§ RECORDED DATA

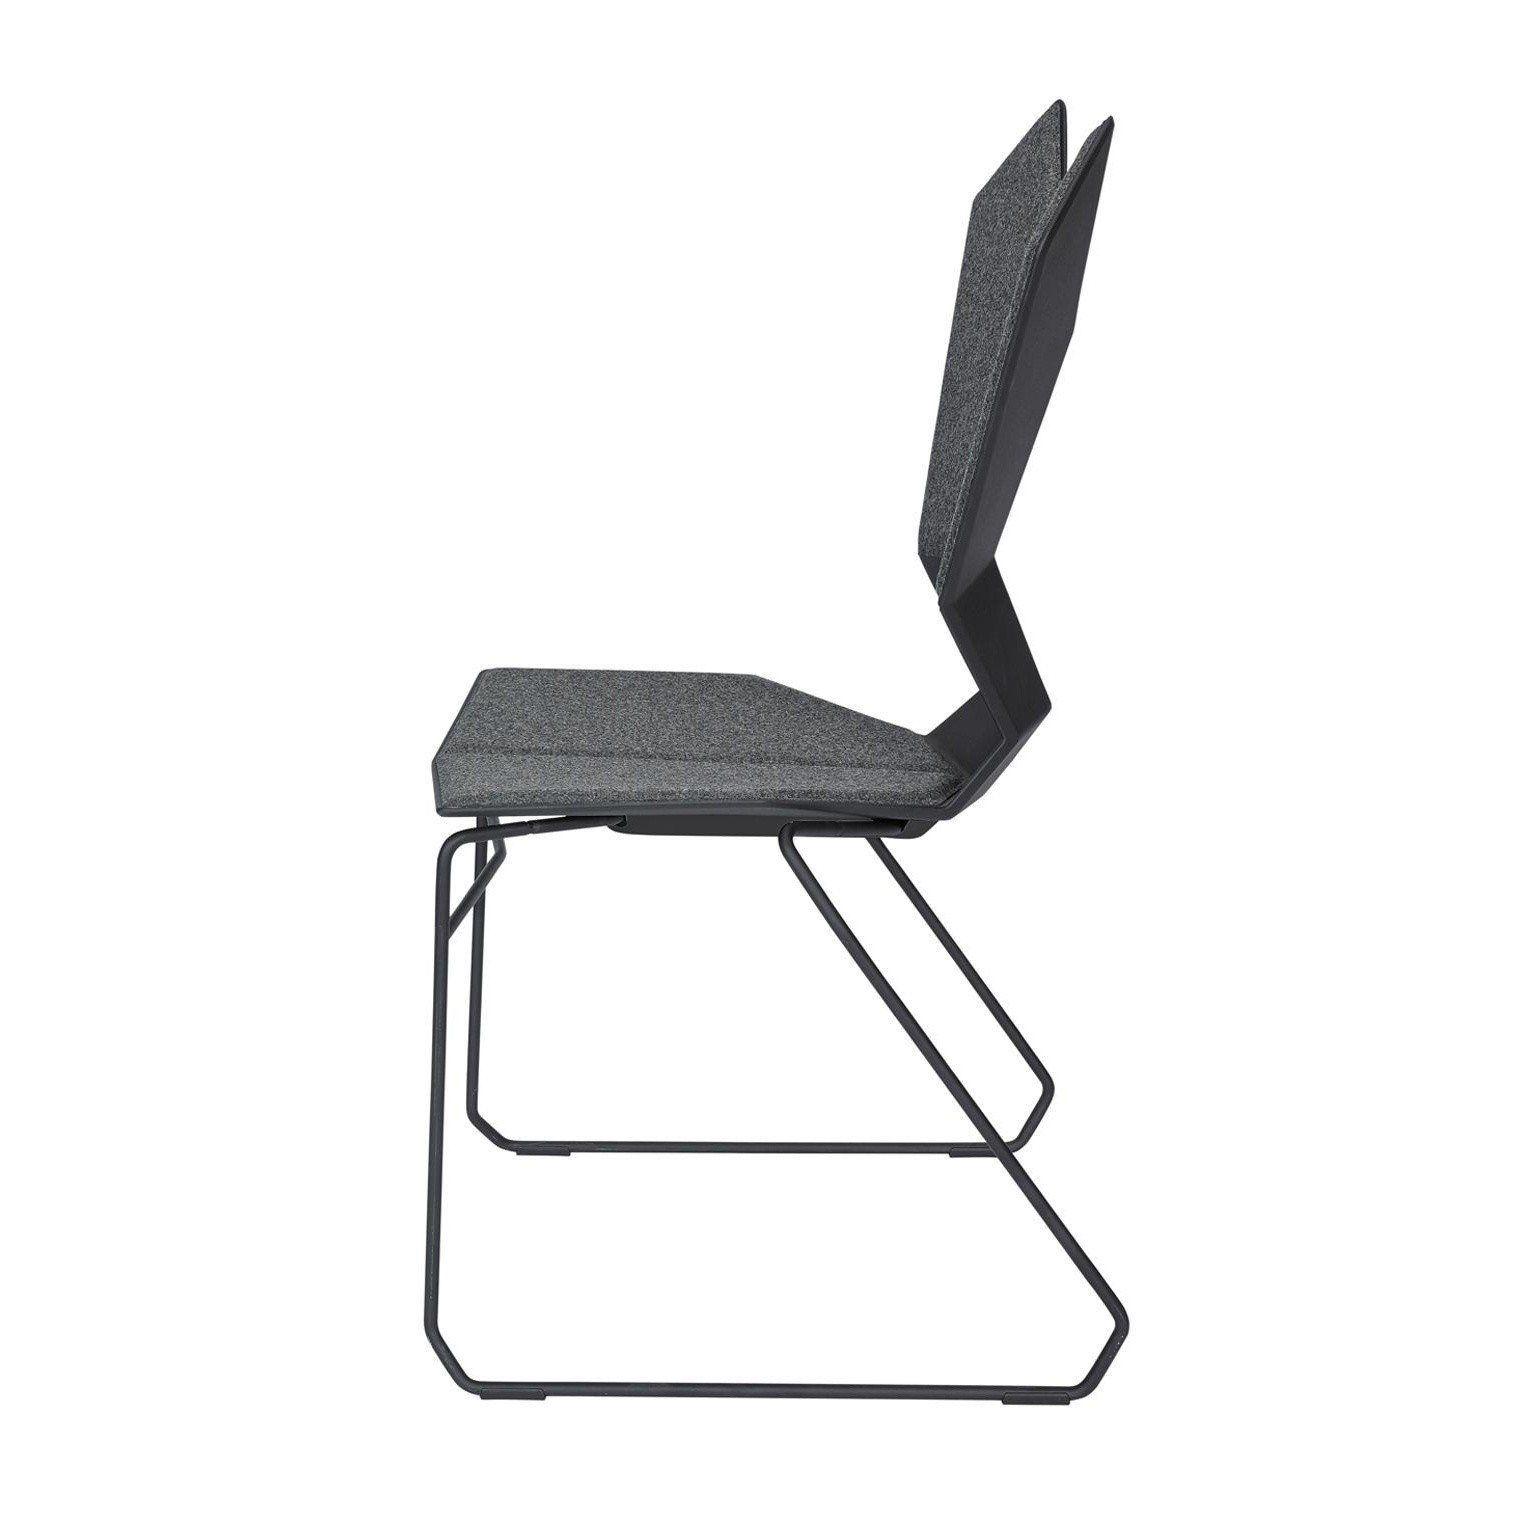 tom dixon y chair chaise avec patins ambientedirect. Black Bedroom Furniture Sets. Home Design Ideas
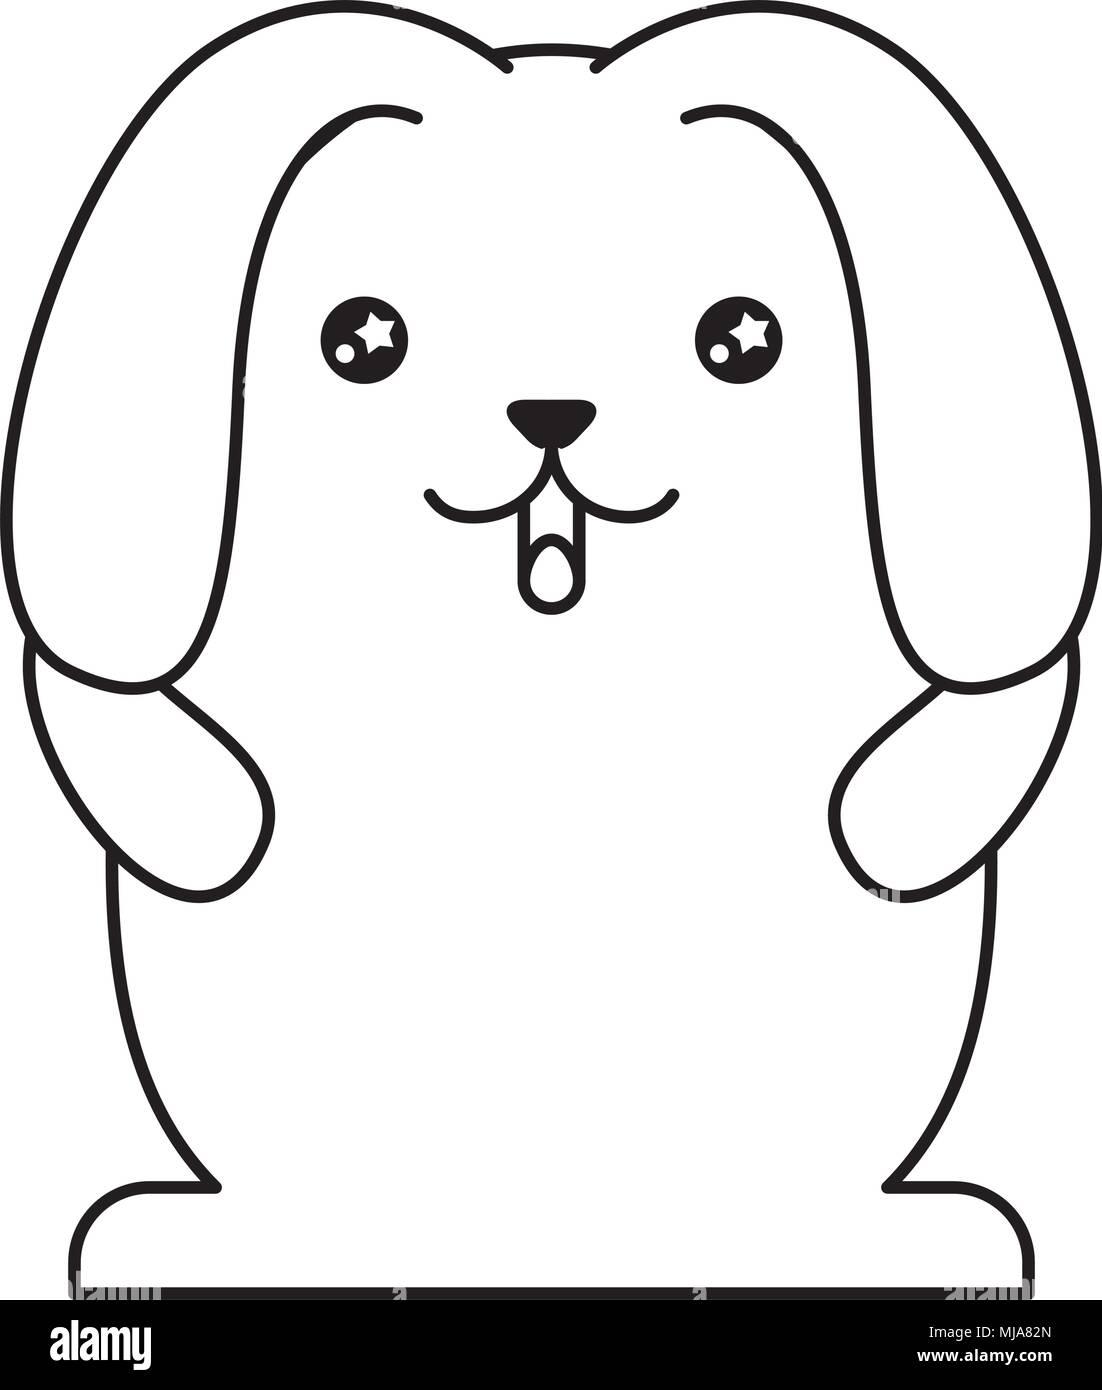 cute rabbit with floppy ears kawaii character vector illustration design - Stock Image
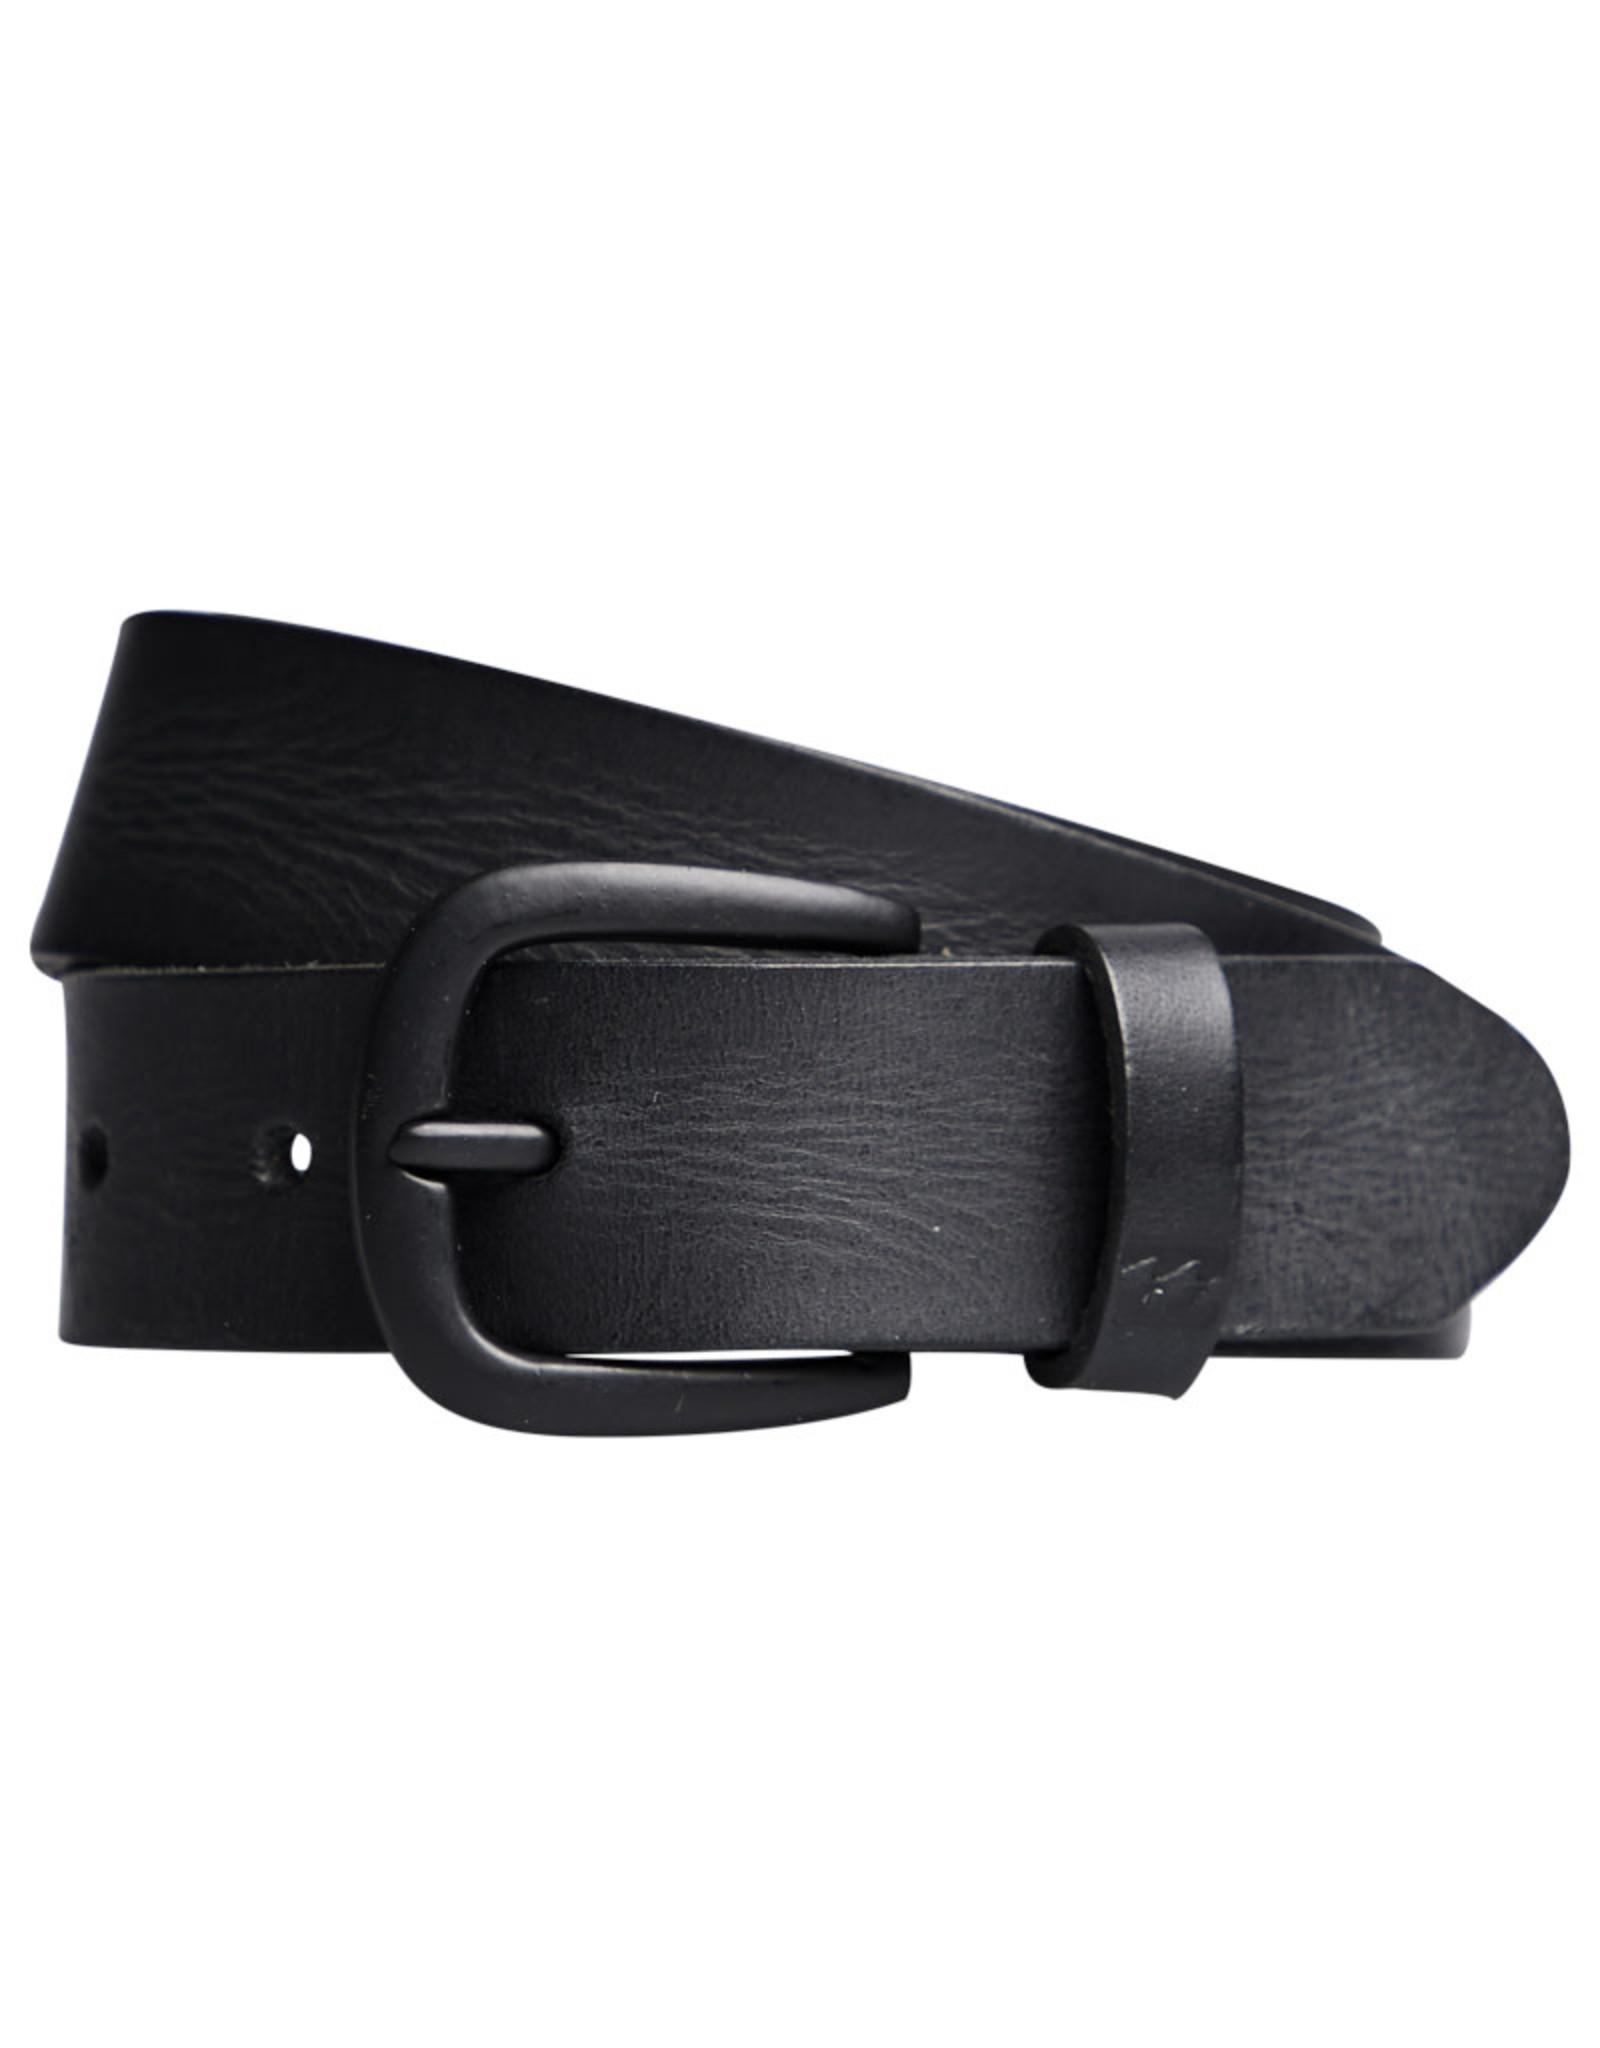 Billabong Billabong All Day Leather Belt Black

§ WHAT IS BEING ASKED
An exact repeat of all the data is required, pictures excluded.

§ ANSWER TO THE EXERCISE
 tom dixon y chair chaise avec patins ambientedirect. Black Bedroom Furniture Sets. Home Design Ideas
 cute rabbit with floppy ears kawaii character vector illustration design - Stock Image
 Billabong Billabong All Day Leather Belt Black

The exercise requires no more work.